Мыкола несмело поднял лицо. На него смотрели совсем не строгие, жизнерадостные и очень пытливые глаза.
Надя что-то вякнула насчет костылей.
— Тут ведь дело не в костылях, — услышал Мыкола задумчивый, спокойный голос. — Тут дело в том, есть ли у него характер.
Впервые, говоря с Мыколой о его будущем, ему смотрели прямо в глаза, а не косились на его костыли.
Они даже как будто не интересовали Ивана Сергеевича. Он продолжал спокойно всматриваться в мальчика на костылях, что-то обдумывая и взвешивая про себя.
Мыколе представилось, что это какой-то странный молчаливый экзамен.
Сдаст ли он его?
Он услышал тот же задумчивый, неторопливый голос:
— Ты знаешь, Надюша, дело, по-моему, не так уж плохо. Характер у твоего приятеля есть.
Только всего и сказано было Иваном Сергеевичем. Улыбнувшись детям, он зашагал дальше по коридору. Но размышлений и волнений по поводу его слов хватило Мыколе на много дней.
Он придумал тренироваться — втайне от всех. Готовил Наде сюрприз. Забирался в глубь сада, чтобы его никто не видел, и хотя бы несколько метров пытался пройти без костылей. Делал шажок, подавлял стон, хватался за дерево, опять делал шажок.

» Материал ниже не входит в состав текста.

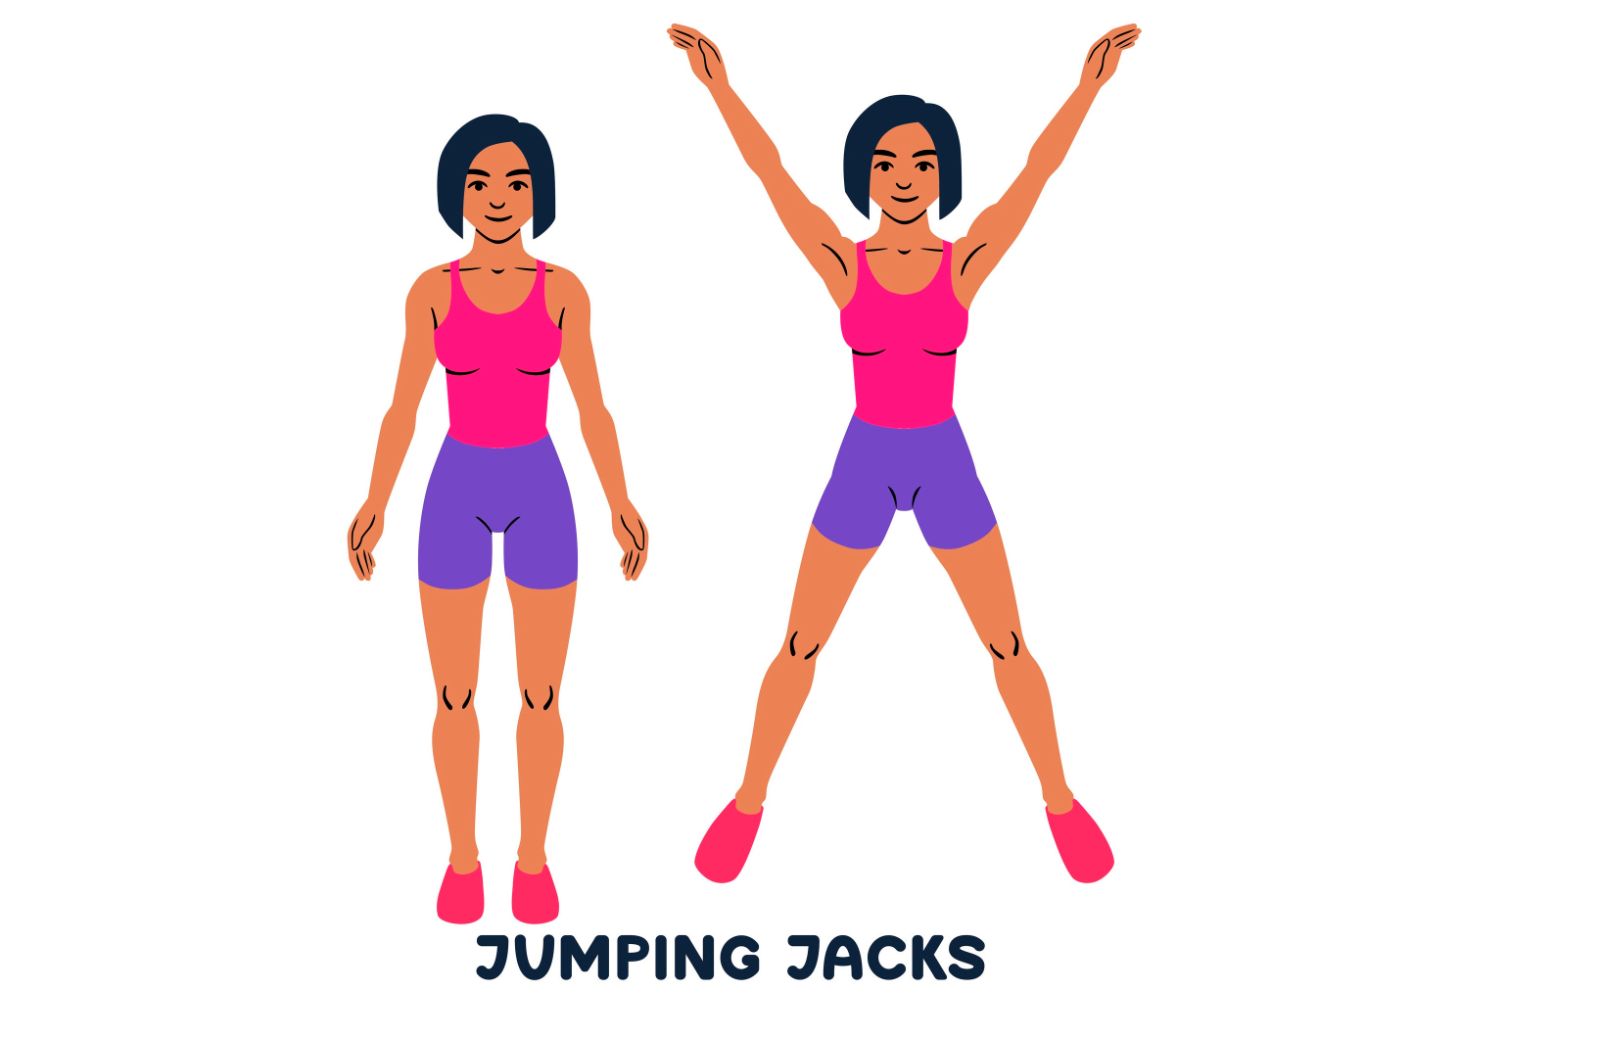 Quante calorie si bruciano praticando il Jumping jacks?

Земля под ним качалась, как палуба в шторм. Пот катился градом. Колени тряслись.
Но рот его был сжат. Мыкола заставлял себя думать только об одном: то-то удивится Надя, когда увидит его без костылей! Или еще лучше: он притопает к ней на костылях, а потом отбросит их — ага? И лихо выбьет чечетку!

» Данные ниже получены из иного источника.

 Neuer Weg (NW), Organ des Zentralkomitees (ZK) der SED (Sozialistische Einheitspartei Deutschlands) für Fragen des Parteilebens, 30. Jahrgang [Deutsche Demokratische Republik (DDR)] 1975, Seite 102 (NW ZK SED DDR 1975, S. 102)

Увы, как ни старался, дело не шло. Правильнее сказать: ноги не шли. Руки-то были сильные, на перекладине мог подтянуться десять раз. А ноги не слушались. Как будто вся сила из них перешла в руки.

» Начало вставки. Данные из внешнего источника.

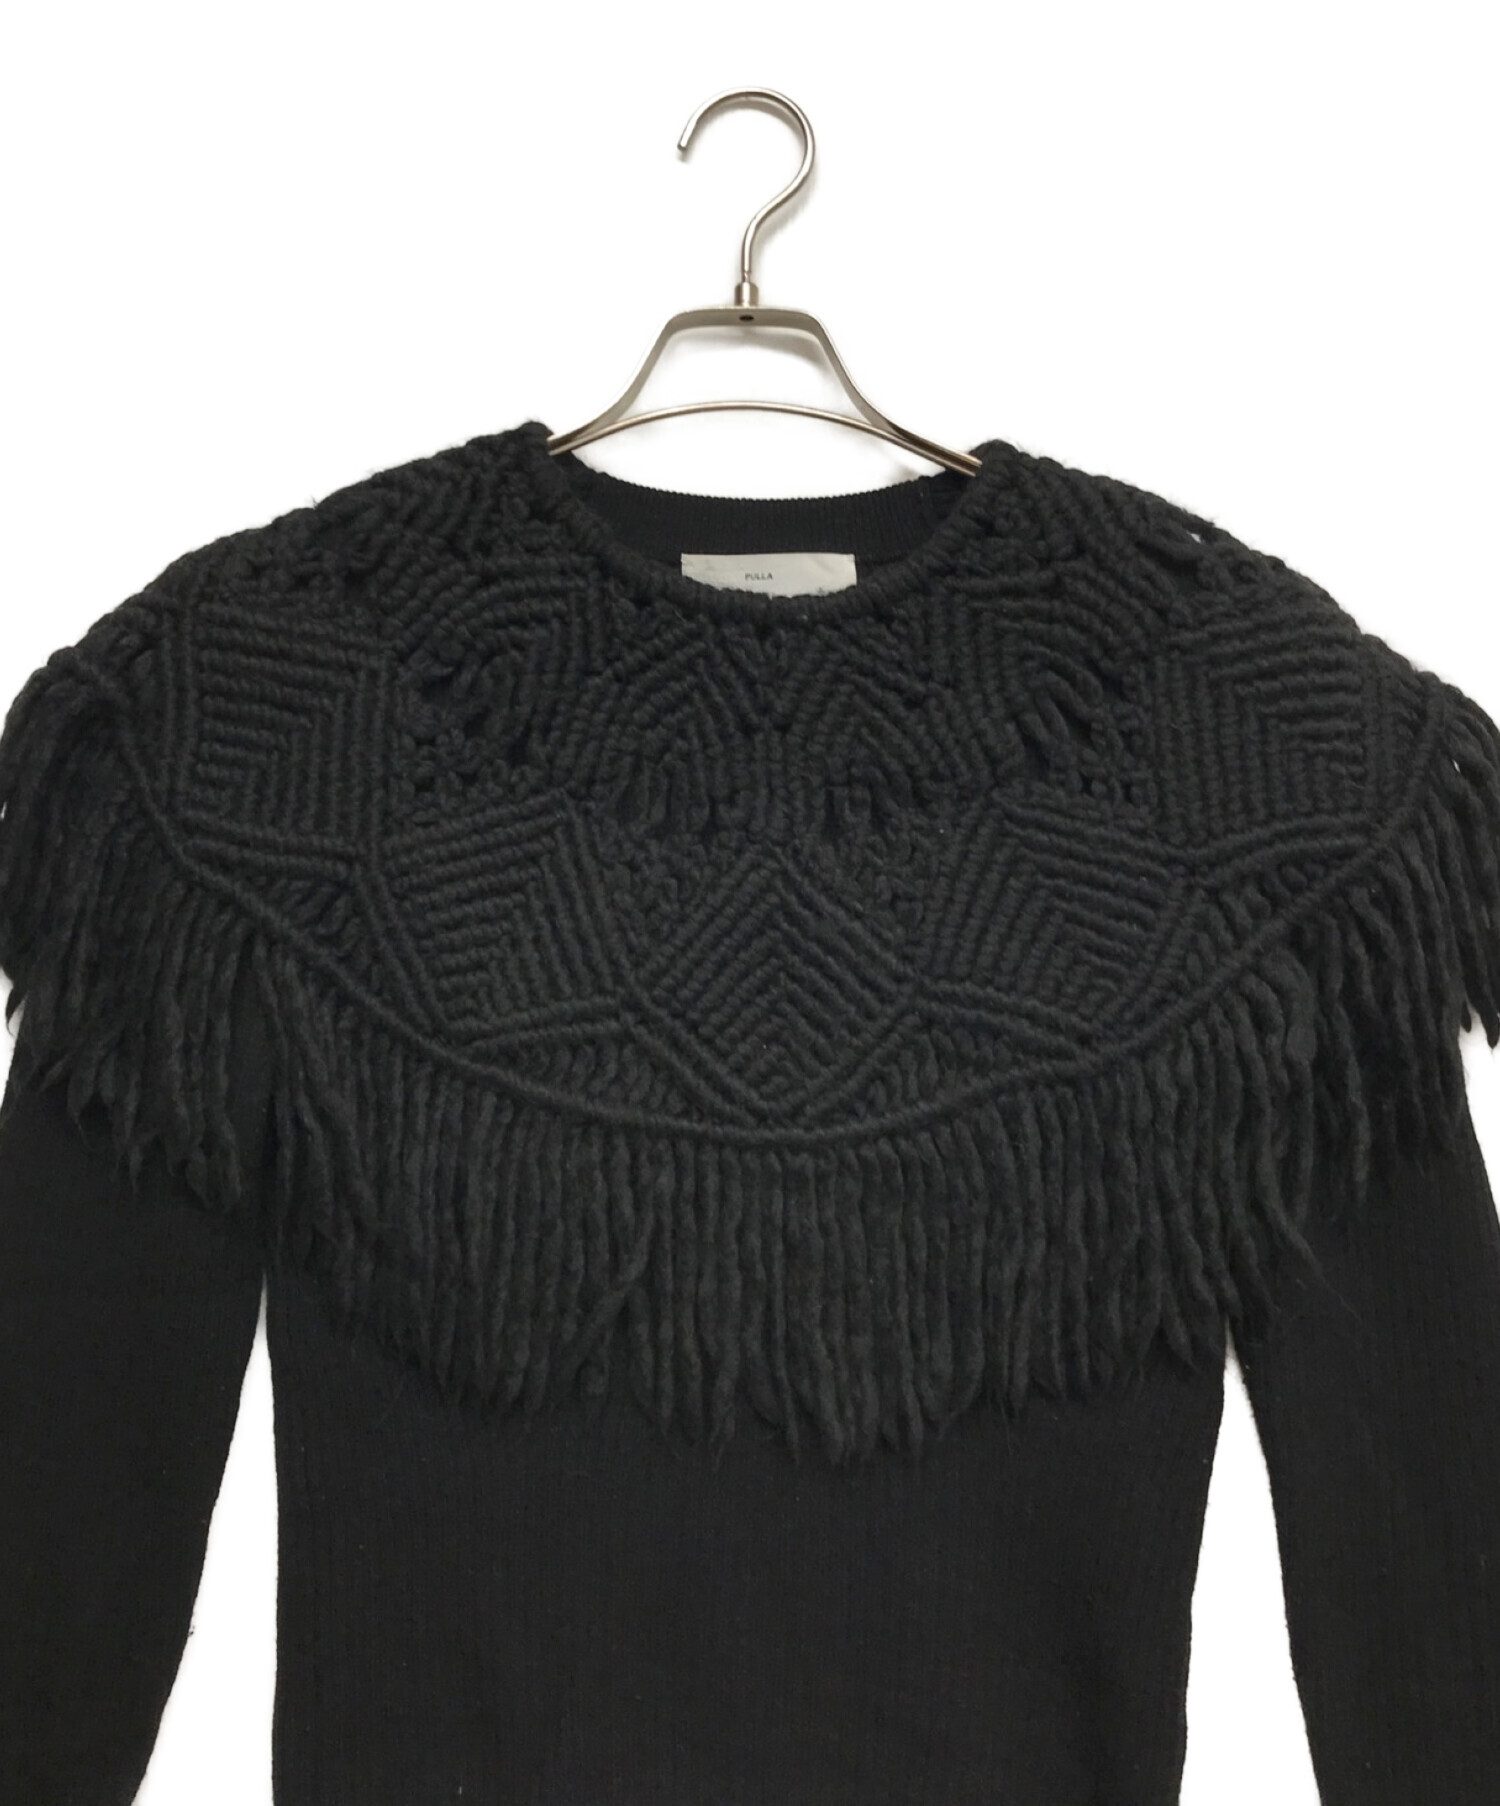 TOGA PULLA (トーガ プルラ) Lowgauge Knit Top ブラック サイズ:36

А Надя, не зная о тренировках, по-прежнему придиралась к нему: почему он вялый, почему невеселый?
— Очень жалеешь себя, вот что я тебе скажу! Это пусть нас другие жалеют. А ты себя не жалей. Ты же сильный, широкоплечий. Вот как хорошо дышишь! Я бы, кажется, полетела, если бы могла так дышать.
Да, почти до самого конца она была суровая, требовательная и неласковая.
В тот день они, как всегда, сидели на подоконнике и разговаривали — кажется, о кругосветных путешествиях.
Окно было раскрыто настежь. Внизу по-весеннему клубился-пенился сад. Не хотелось оборачиваться — там, за спиной, вяло шаркали туфлями «ходячие» больные. Коридор был узкий, заставленный шкафами, и очень душный — каждую половицу в нем пропитал опостылевший больничный запах.